Step two: investigation and forensic inspection

In addition to discussions with the former employee, the information technology and security team members should advise departing employees, particularly those who may have accessed or exfiltrated company data, that they should not delete any data or information and should not reset or reformat any company device so that all relevant data is preserved. All company devices (eg, computers, cell phones, tablets, and USB drives) should be returned to the company in an unaltered state whenever possible. This is critical, as the devices may need to be forensically imaged for review, and the alteration or destruction of data, including metadata, will impede an investigation as to whether and how data exfiltration occurred. Company accounts, or any other accounts that may contain company data should be treated similarly.

When analysing devices and accounts for potential misappropriation, there are some common indicators that companies and the investigating teams should be on the lookout for, including:

• an employee forwarding company documents to personal email accounts;
• mass downloads of documents in the months prior to the employee’s departure;
• unusual log-in activities, whether suspicious first-time logins or logins using others’ credentials or non-company devices;
• any evidence of copying or transferring data to a USB drive or to unauthorised cloud applications;
• directly transferring data from one device to another (such as a phone data transfer);
• comparisons of data access with temporal use of personal email accounts or non-company cloud accounts, as reflected in internet activity data; and
• mass deletion or wiping activity, which often destroys the associated metadata to track how data was accessed or copied.

Also note that if the data at issue has been transferred to a non-company device or application, then it may be necessary to hire a third-party forensic vendor to remediate (ie, identify, retrieve, and permanently remove) the data from the personal device or application.

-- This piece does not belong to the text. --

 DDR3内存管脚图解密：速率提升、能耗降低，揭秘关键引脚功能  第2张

When compared to long-term litigation costs, this approach can provide an efficient, cost-effective method to protecting a company’s trade secrets and other sensitive, confidential data and avoiding protracted litigation and discovery disputes.

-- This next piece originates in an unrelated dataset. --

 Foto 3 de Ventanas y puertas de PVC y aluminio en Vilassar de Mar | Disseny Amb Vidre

Step three: initiating a targeted litigation strategy

Sometimes disputes can be resolved amicably. However, there will inevitably be instances where an employee attempts to take information from the company to use it for the employee’s own benefit or for the benefit of a third party, such as a competitor. By taking all of the steps described above, a company will equip their in-house and external legal teams with information and evidence that will set the company up for success in litigation. Given that trade secret misappropriation often warrants a rapid response to avoid irreparable harm, the upfront identification of misappropriated trade secrets and attempts at remediation, where possible, prove valuable in court – and, if in federal court, in meeting the heightened pleading and injunction standards in the Third Circuit. Equipped with this information, an effective legal team can file appropriate claims for trade secret misappropriation with parallel breach of contract claims under any applicable agreements (including confidentiality, return-of-property, and restrictive covenants, as may be applicable), and other related state-law claims, while also meeting the rigorous standards for pleading and seeking interim injunctive relief.

Summation

Developments in trade secret law and technology compel companies to take a forward-thinking and proactive approach to protecting their trade secrets and other sensitive, confidential business information on the devices, platforms, and programs used to conduct their business and to access, store, or transmit such information. By taking a holistic approach to those protections – from onboarding employees, to offboarding employees, and conducting appropriate monitoring and investigations – companies can better protect their trade secrets and maintain their competitive position in the marketplace while also positioning themselves for litigation as a last resort.